Retype the listing exactly, minus its pictures.

The data:
....
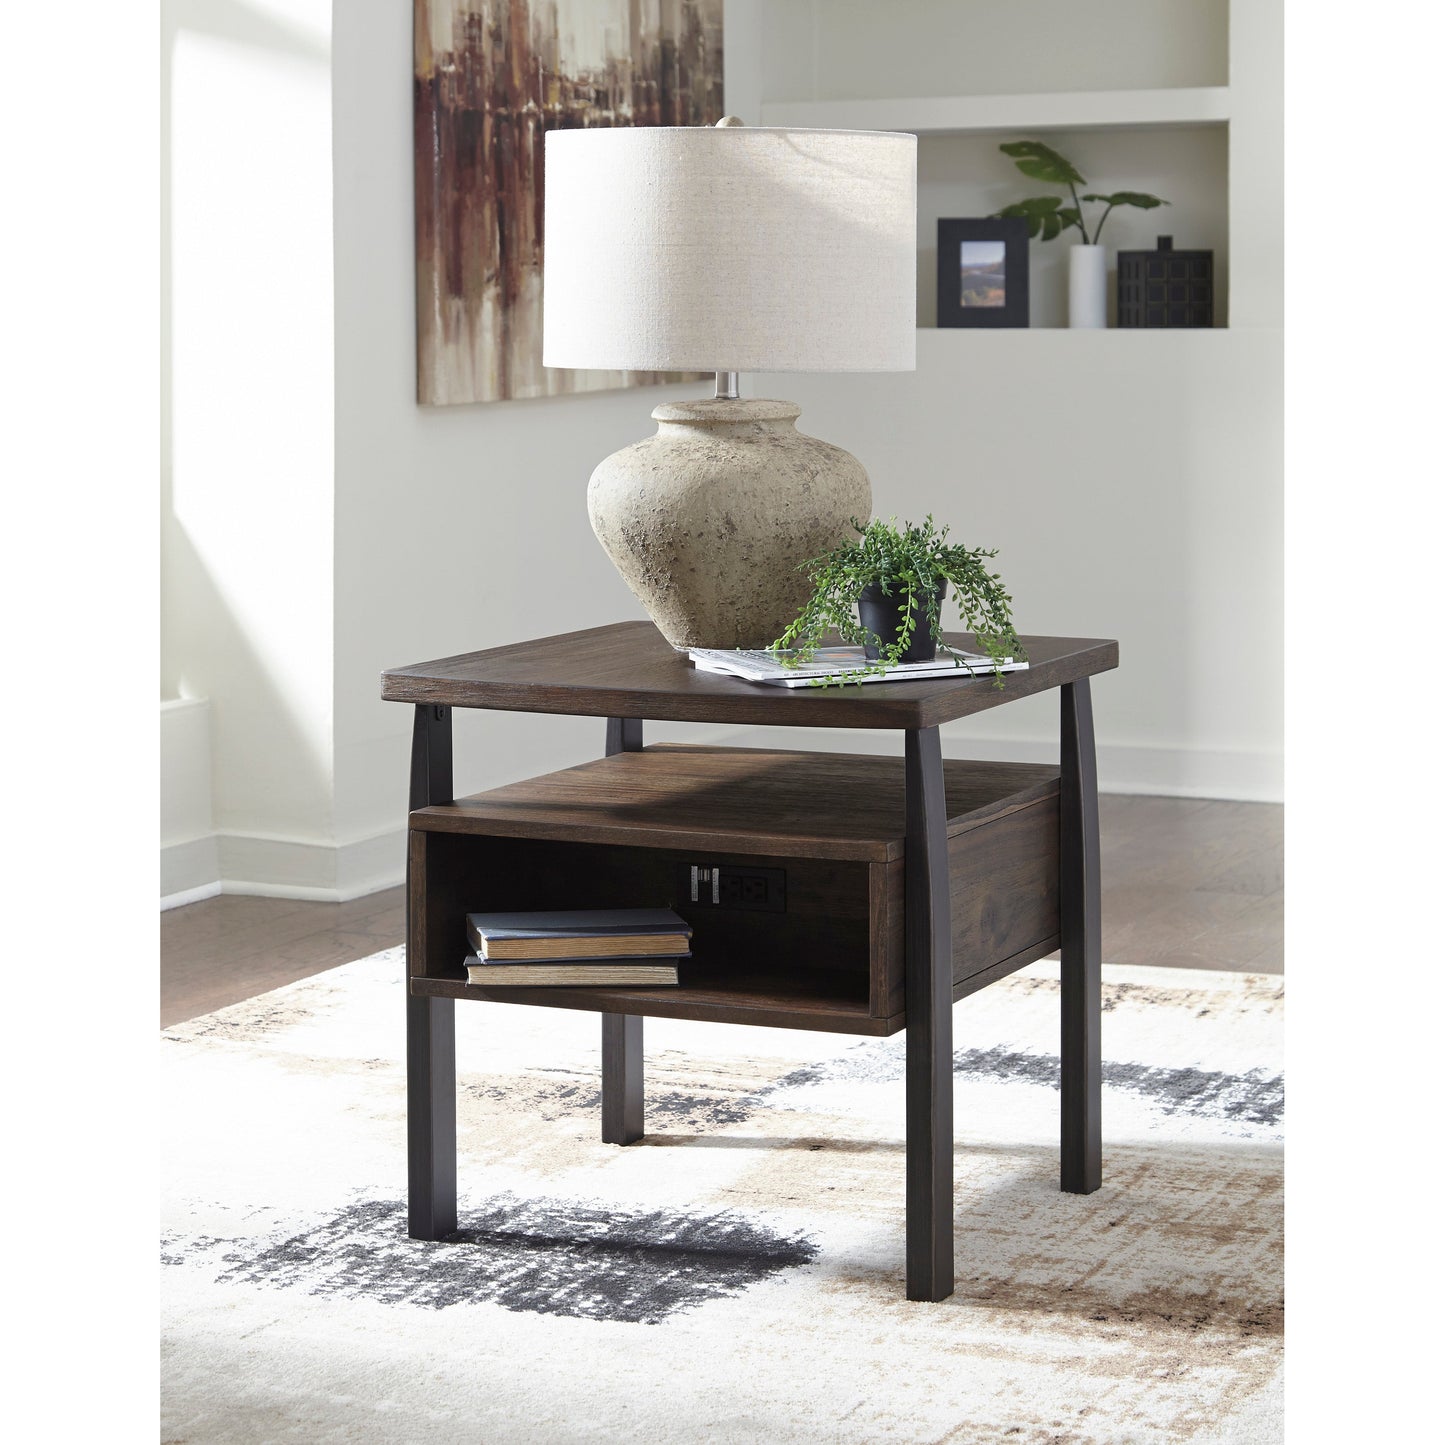 VAILBRY END TABLE - BROWN
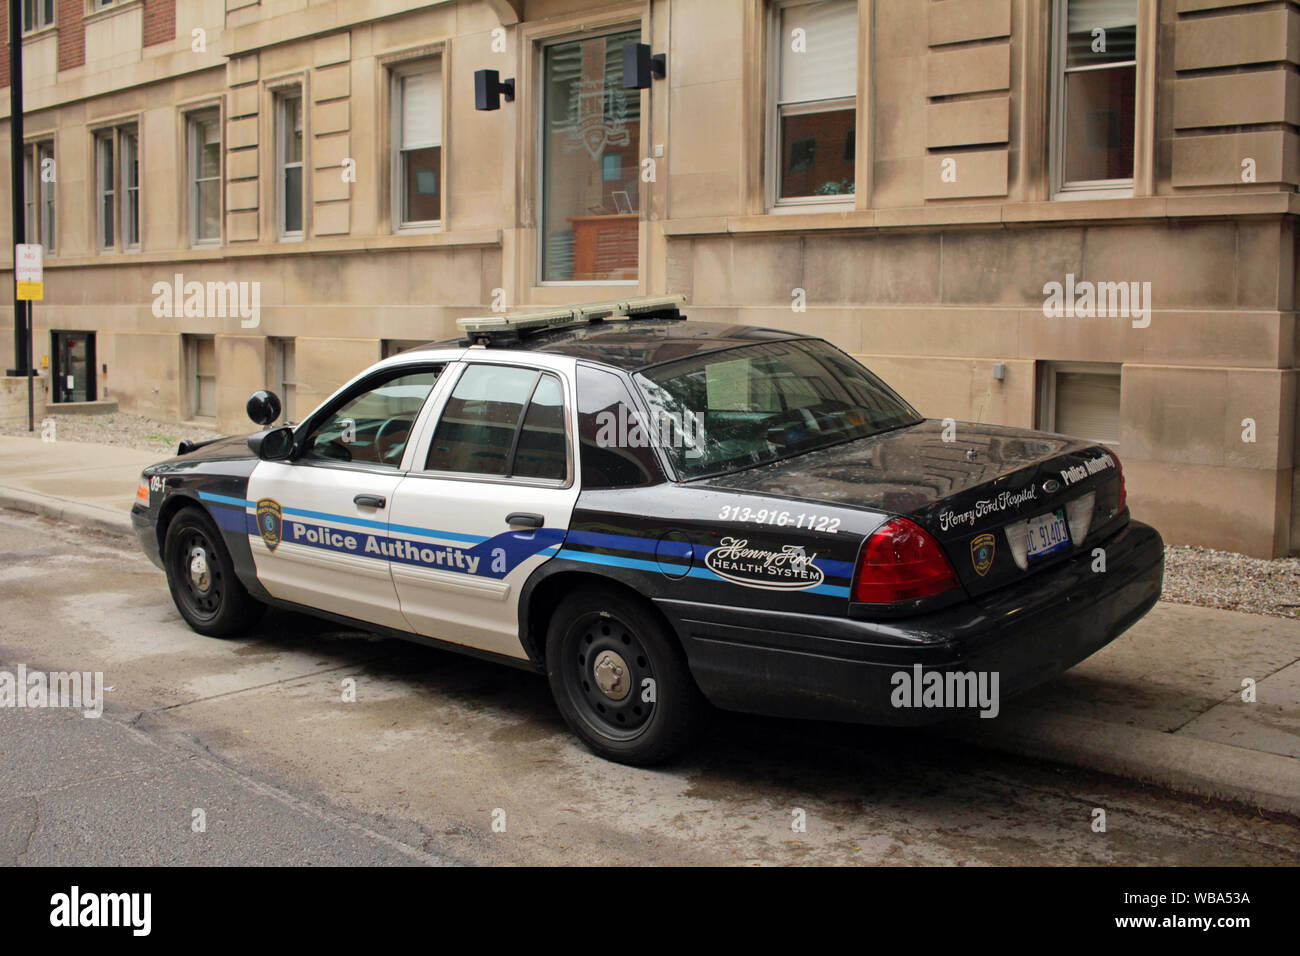 Henry Ford Hospital Police Authority vehicle, Henry Ford Hospital, Detroit, Michigan, USA Stock Photo
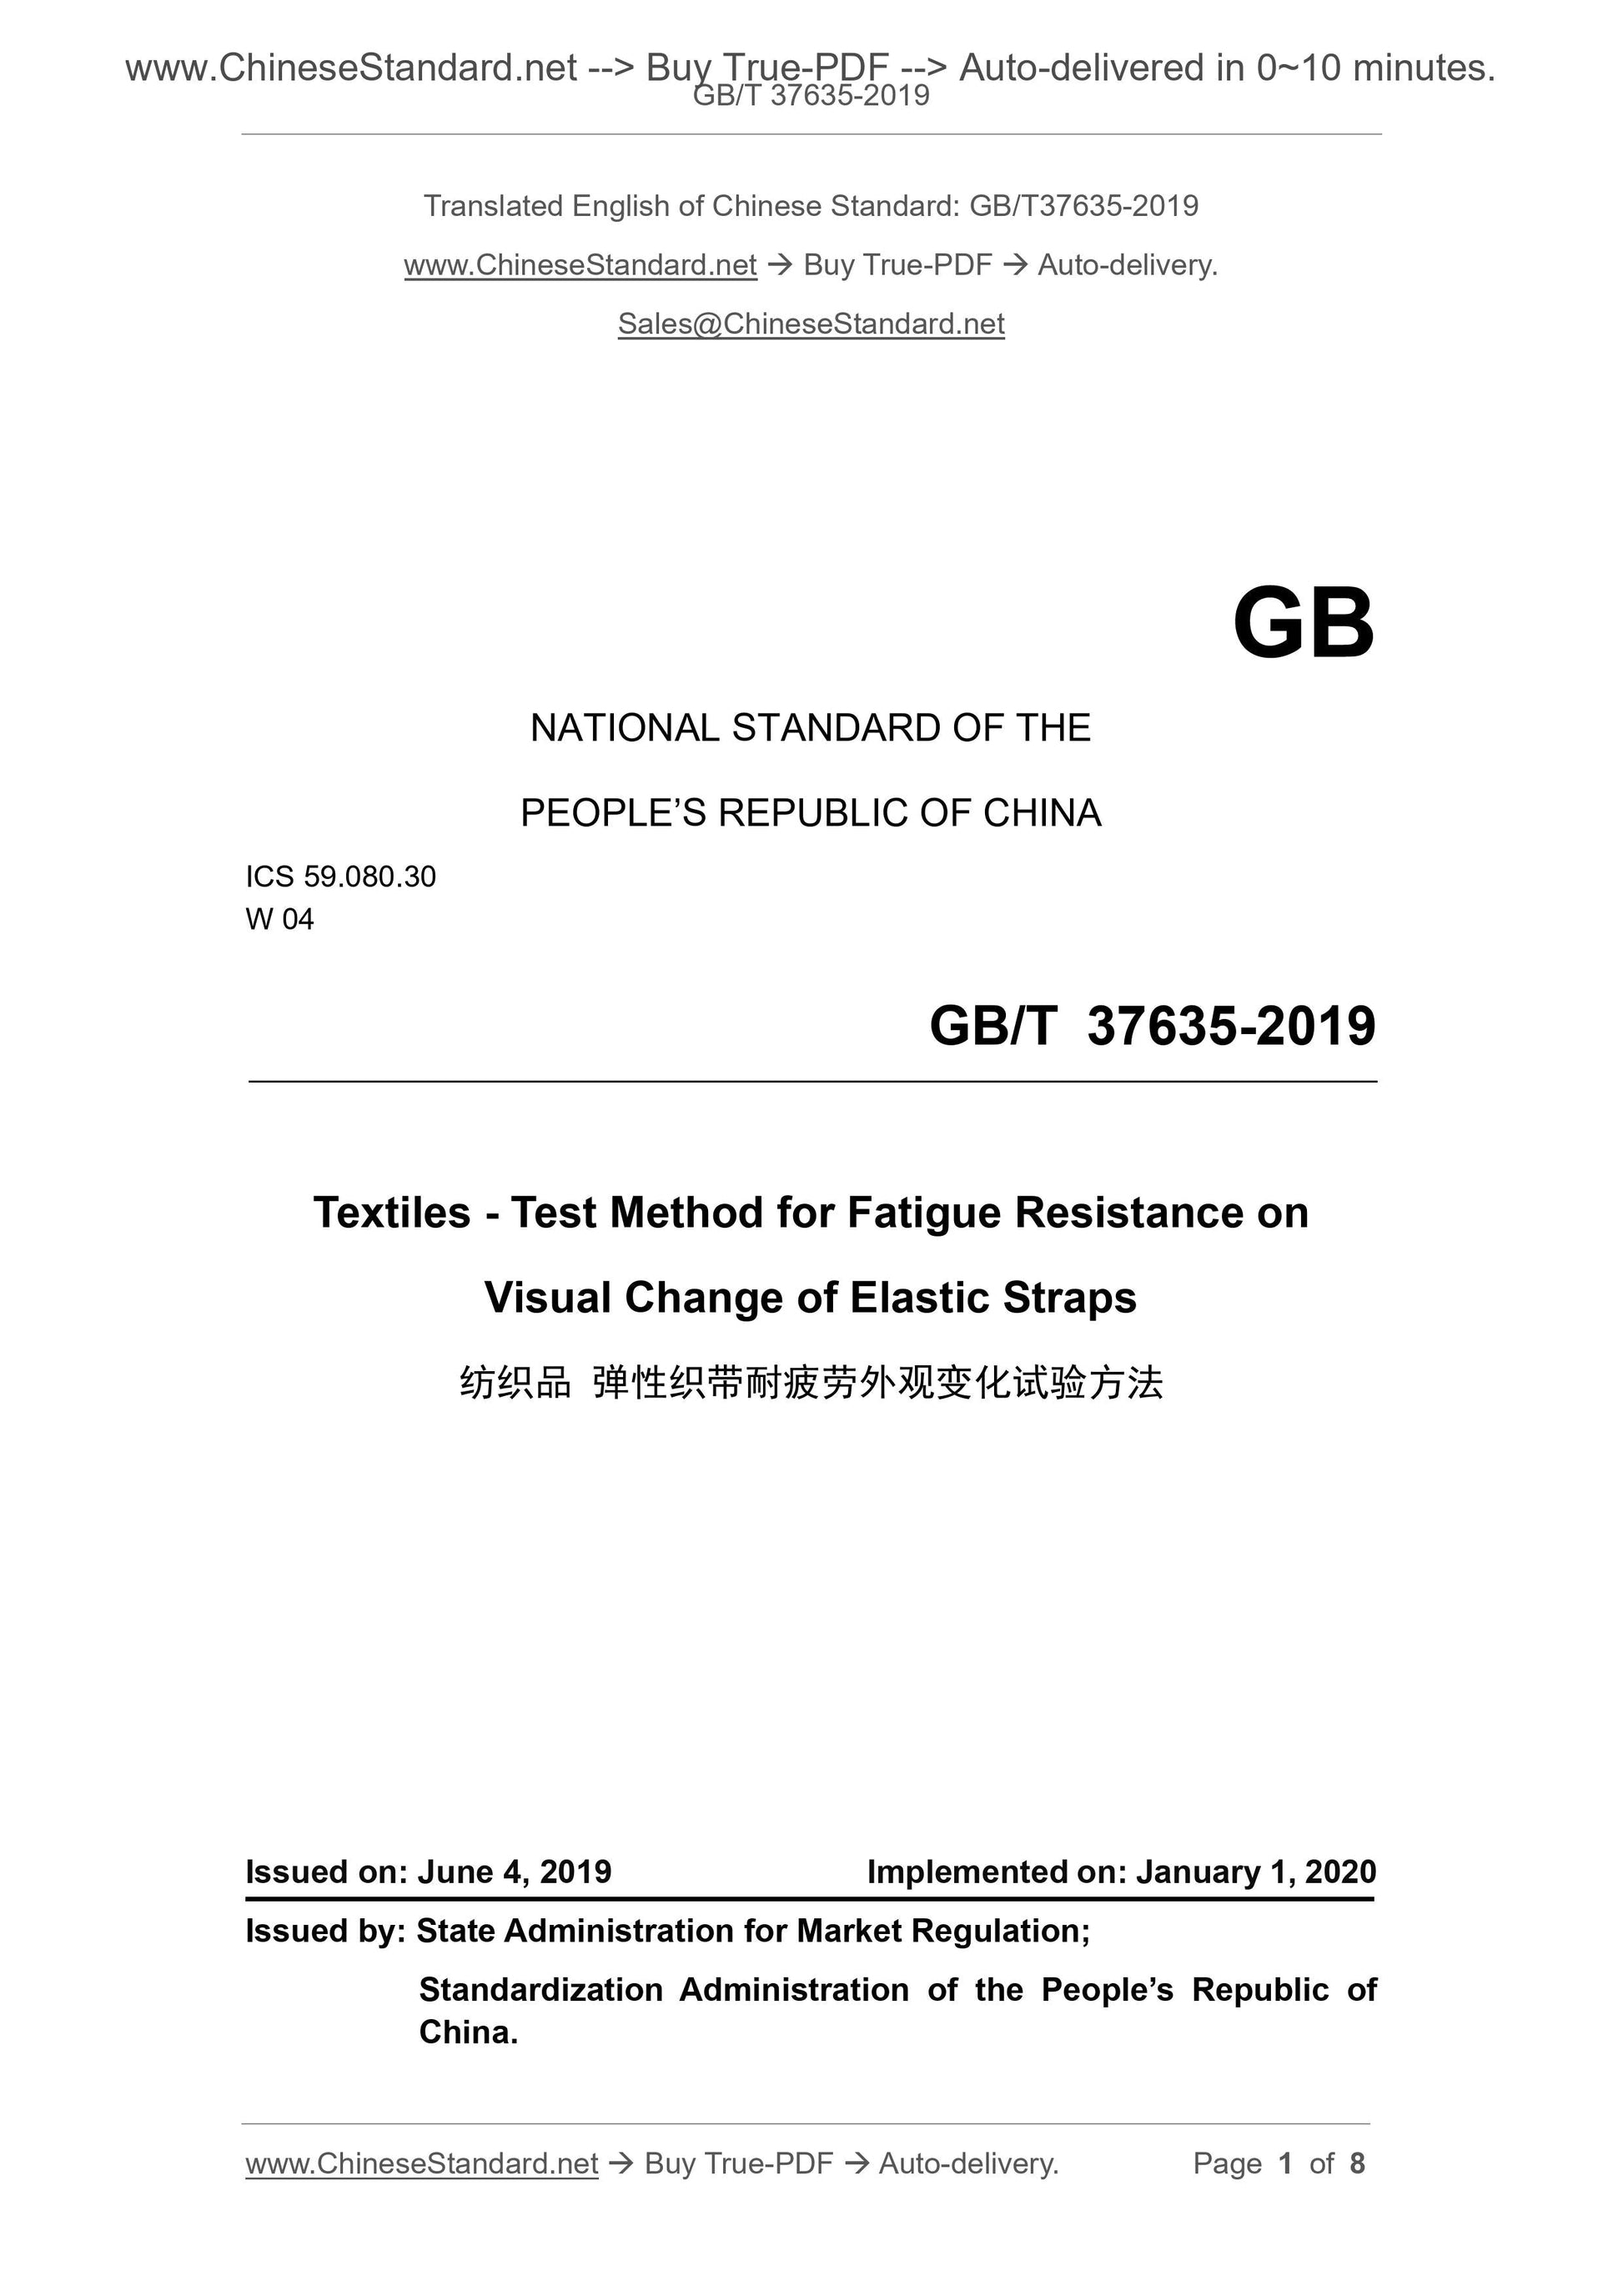 GB/T 37635-2019 Page 1
....
Solution to the exercise:
 VAILBRY END TABLE - BROWN
 Henry Ford Hospital Police Authority vehicle, Henry Ford Hospital, Detroit, Michigan, USA Stock Photo
 GB/T 37635-2019 Page 1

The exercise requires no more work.